Listed records |
************

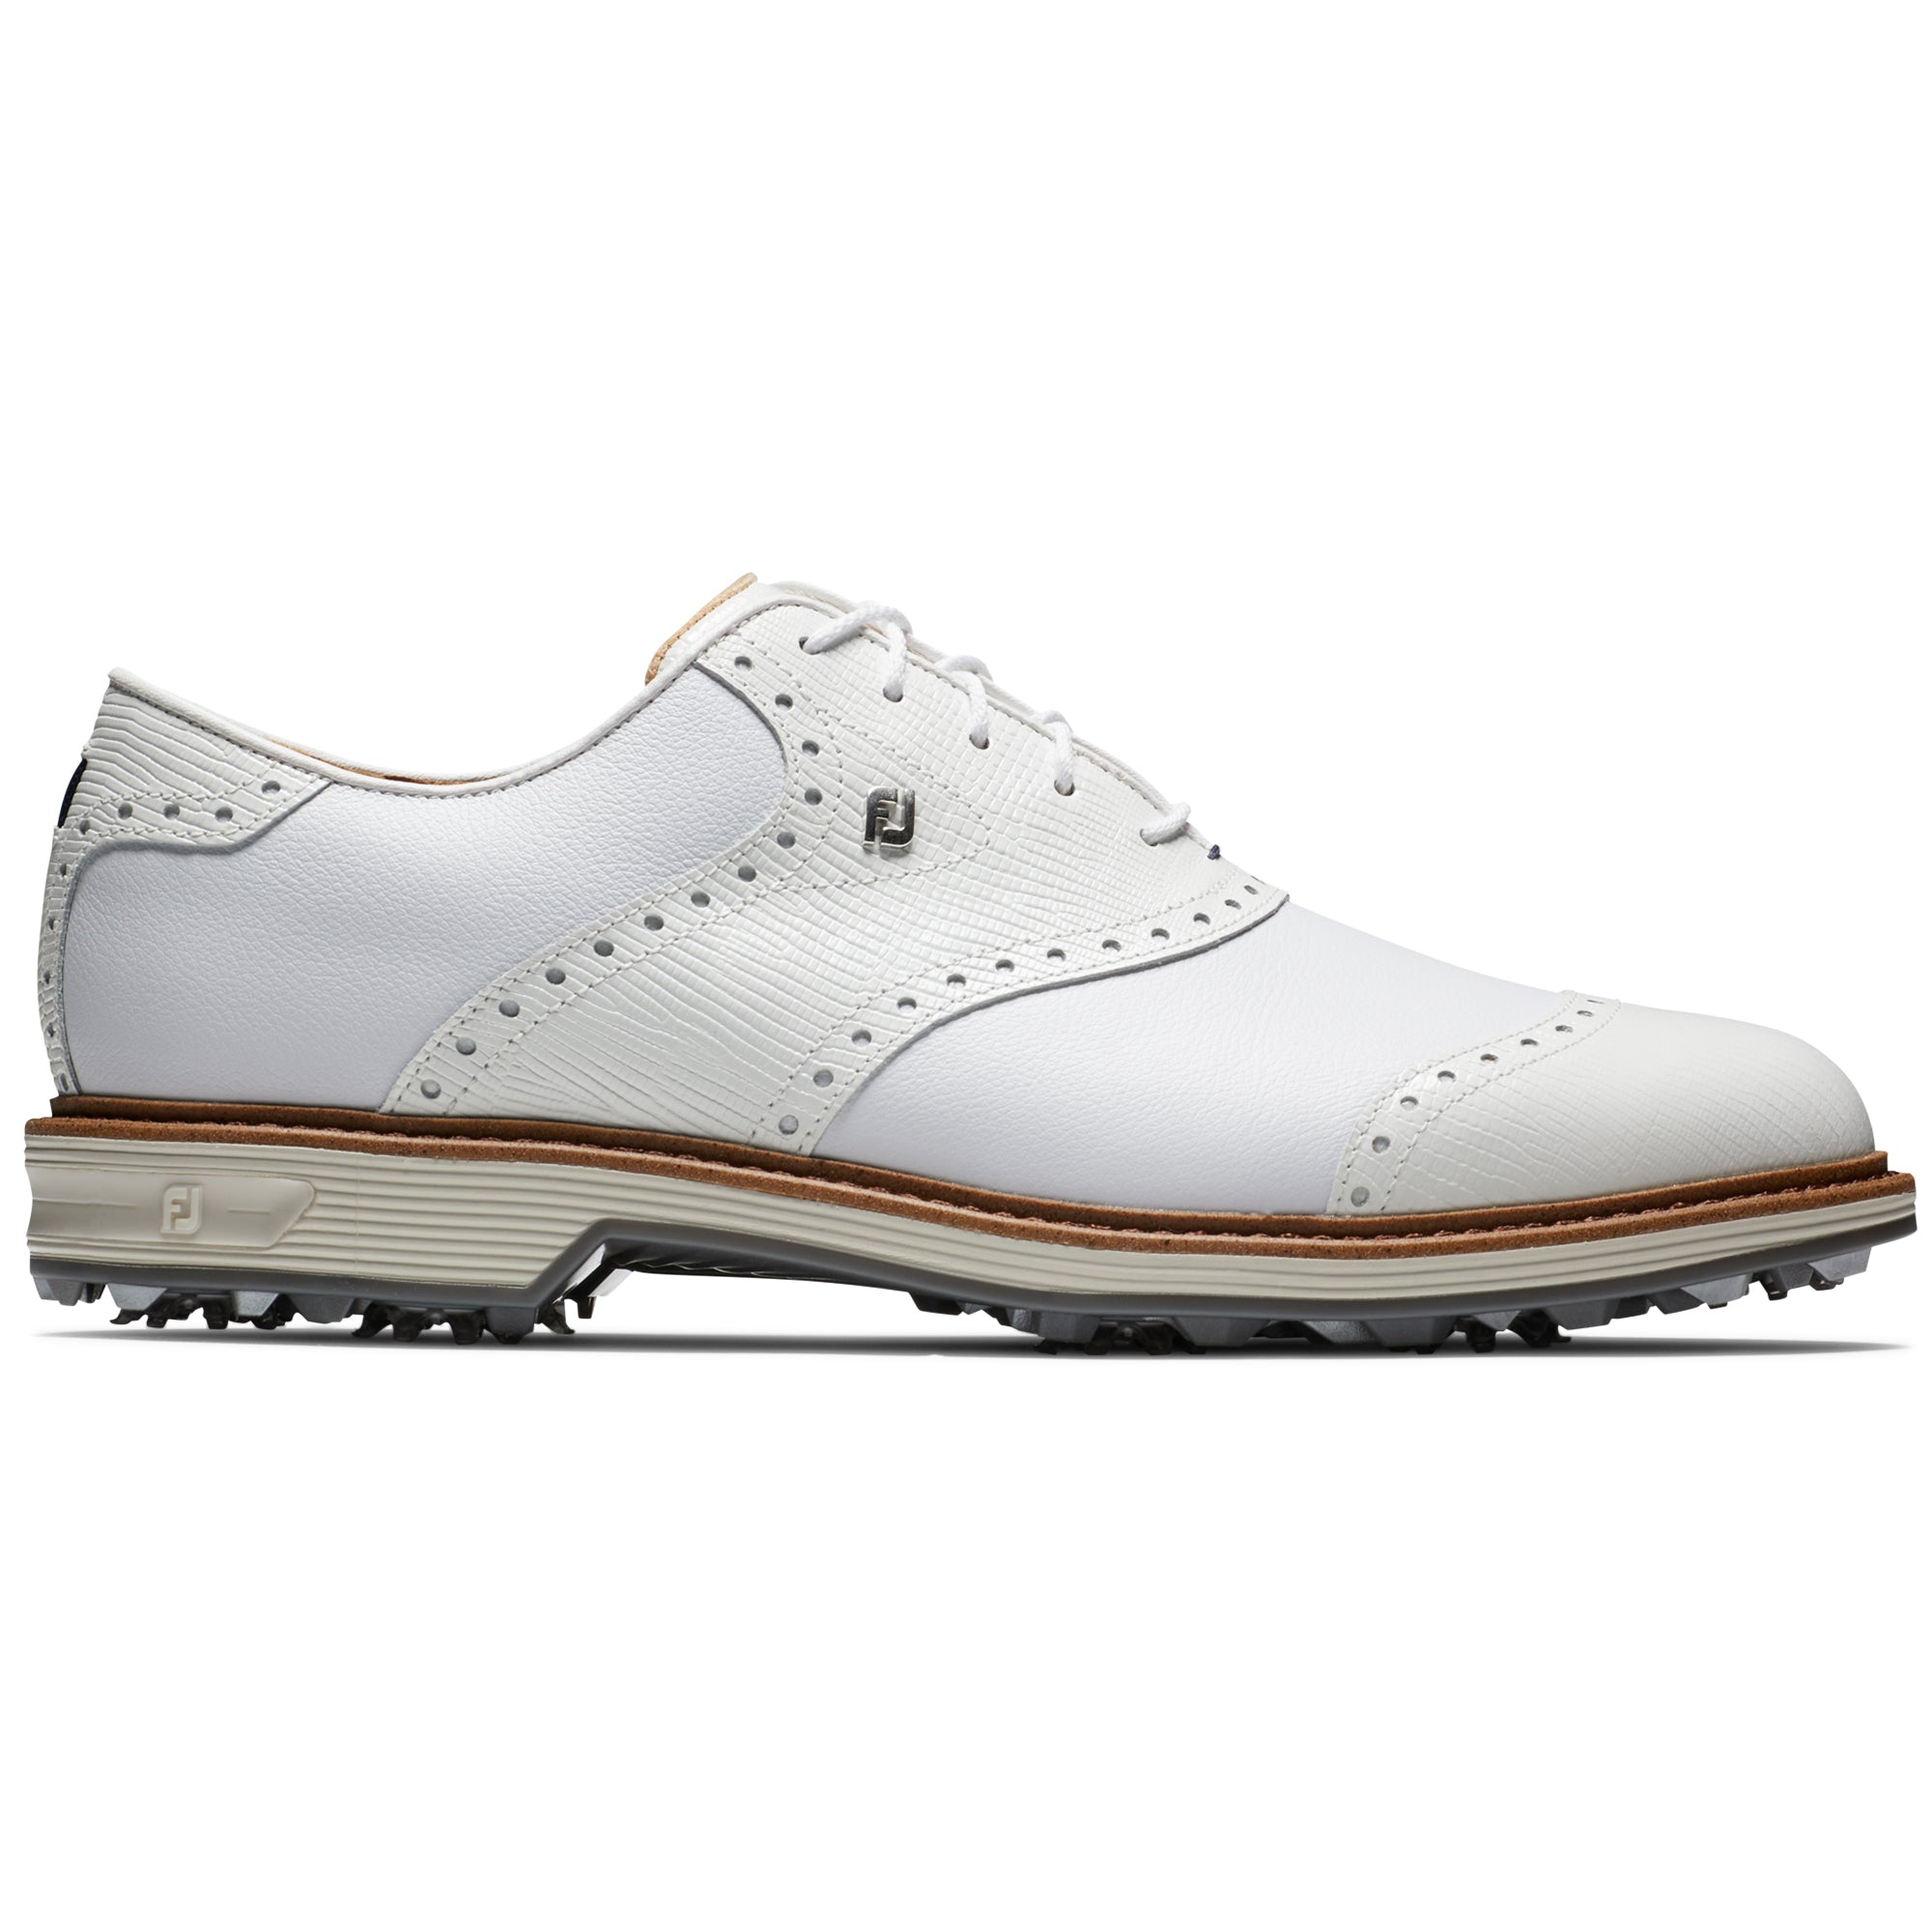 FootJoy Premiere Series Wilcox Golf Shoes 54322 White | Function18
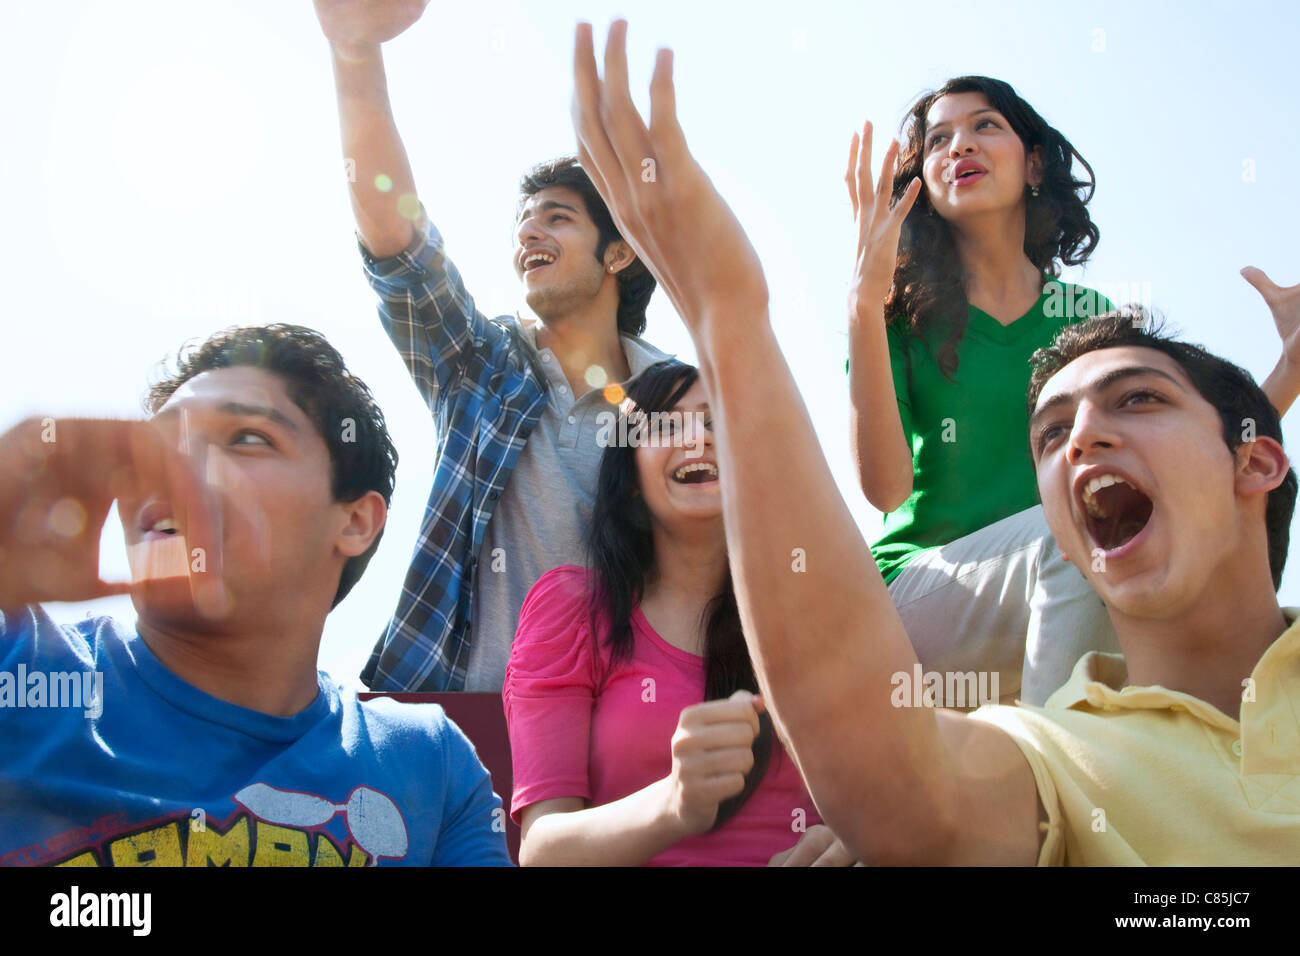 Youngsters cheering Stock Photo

************

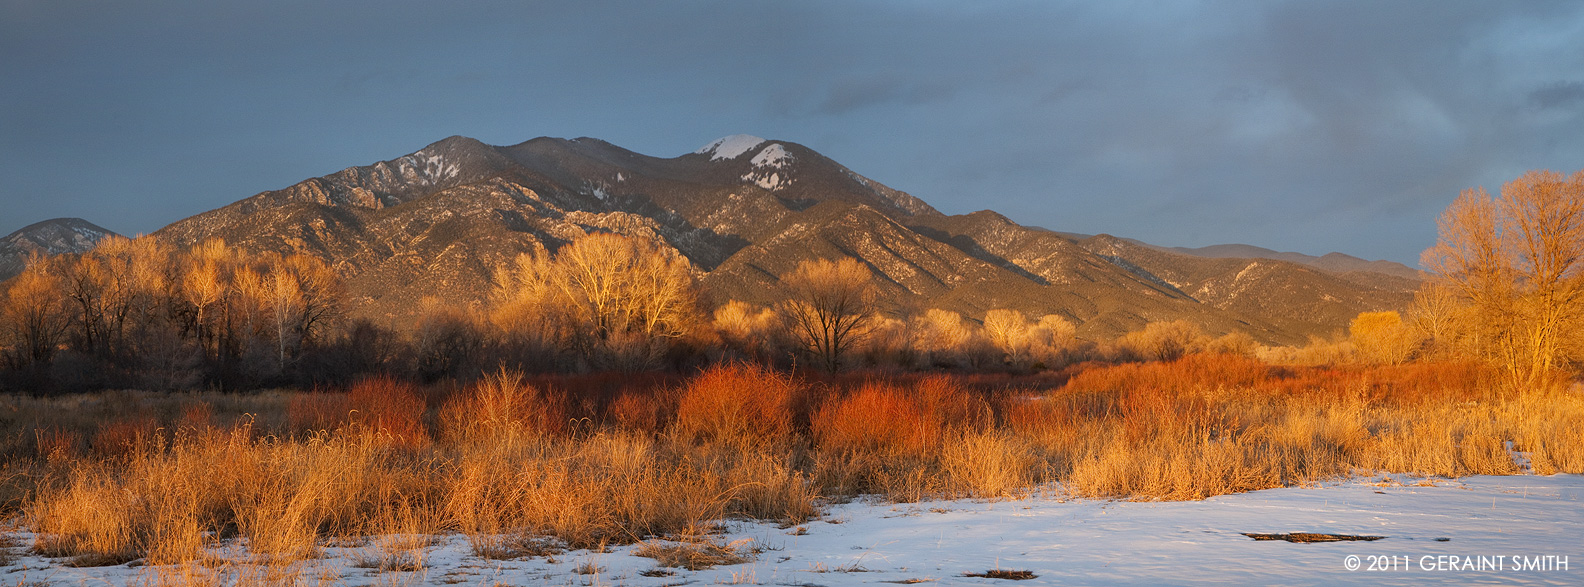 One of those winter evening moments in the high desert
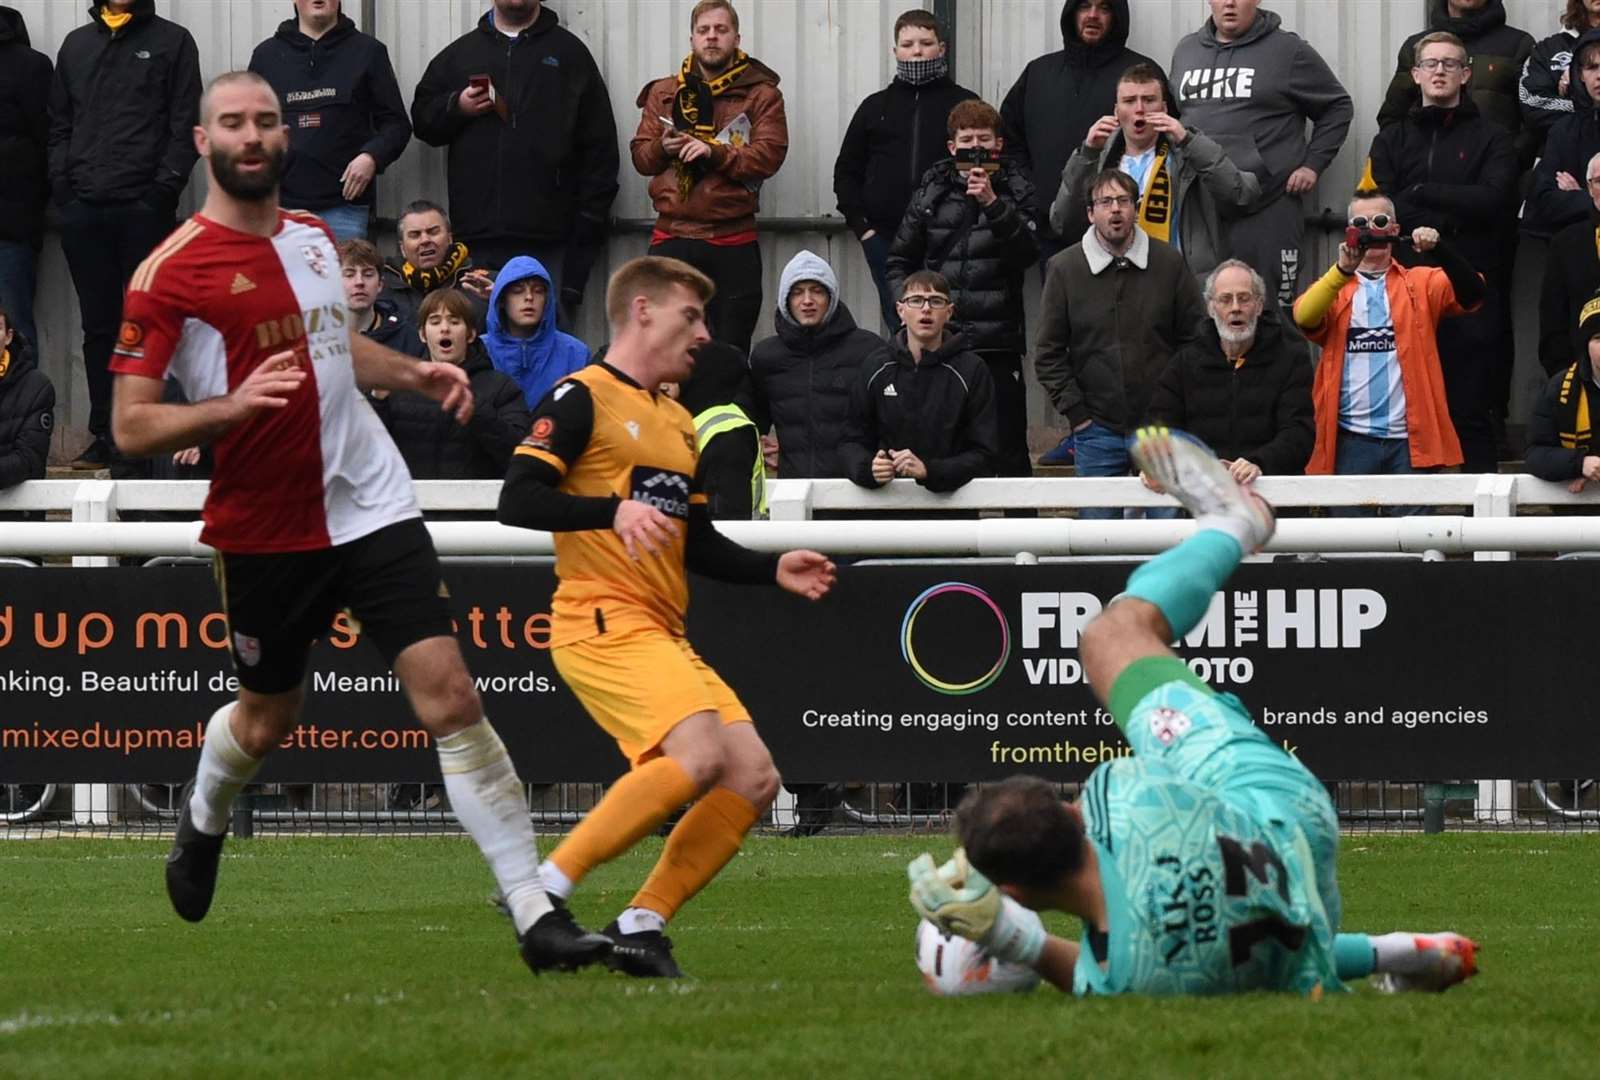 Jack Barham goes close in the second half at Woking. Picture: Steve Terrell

************

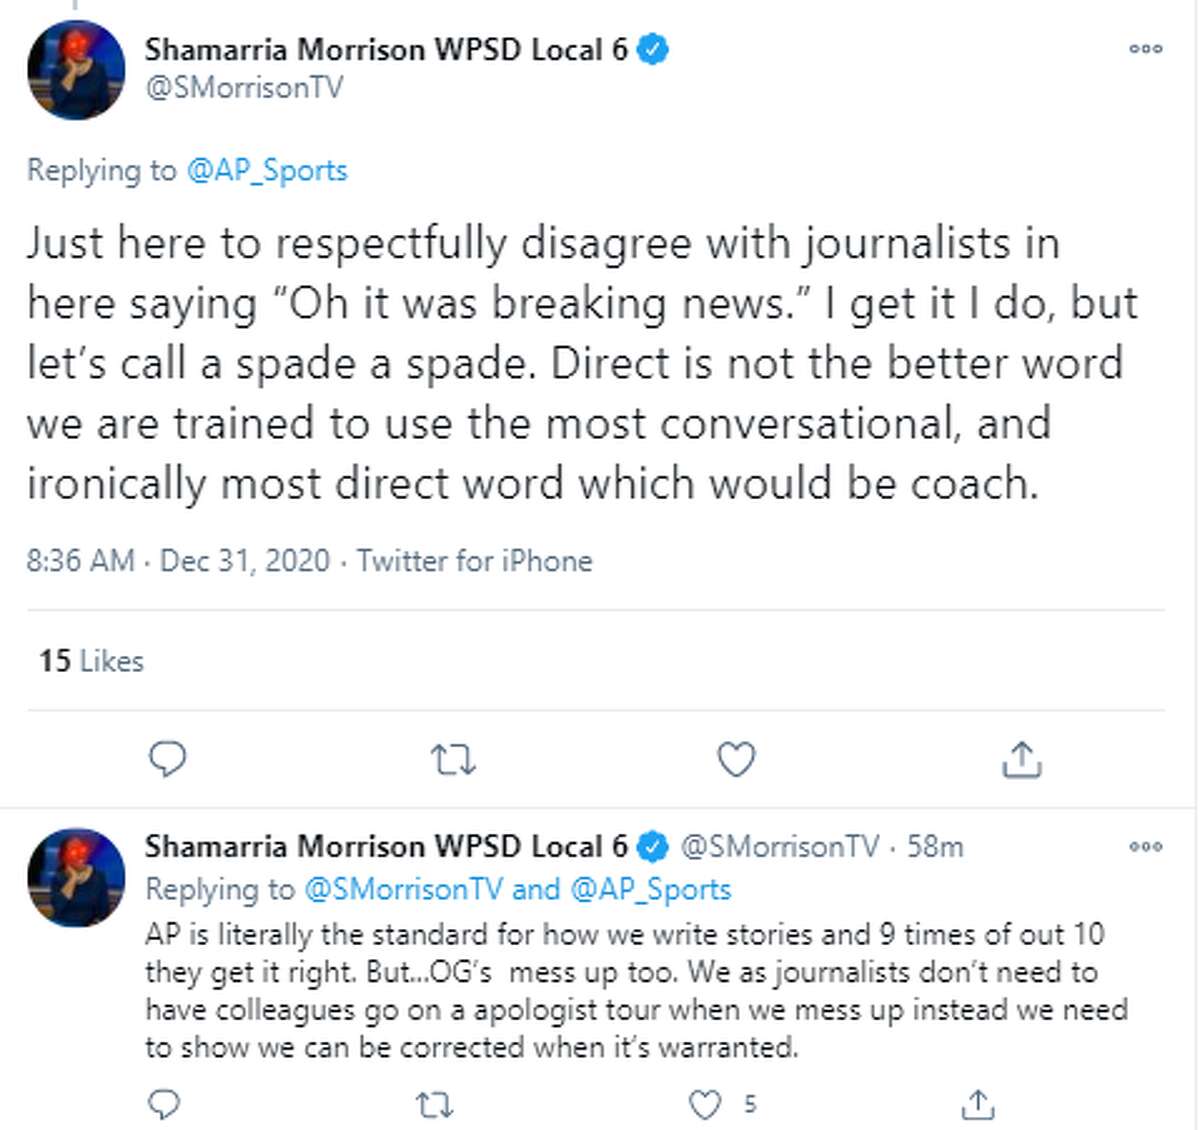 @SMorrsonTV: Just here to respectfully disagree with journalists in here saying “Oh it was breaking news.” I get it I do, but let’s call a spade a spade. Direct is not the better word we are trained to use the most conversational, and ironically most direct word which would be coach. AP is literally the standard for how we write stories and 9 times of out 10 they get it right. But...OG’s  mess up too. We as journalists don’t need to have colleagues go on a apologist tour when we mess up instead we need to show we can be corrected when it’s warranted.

************

Description of the task |
Starting with the line that has "FootJoy Premiere Series" and ending with the line that has "Youngsters cheering Stock Photo", repeat the lines above exactly, omitting every picture.

Solution for this task |
 FootJoy Premiere Series Wilcox Golf Shoes 54322 White | Function18
 Youngsters cheering Stock Photo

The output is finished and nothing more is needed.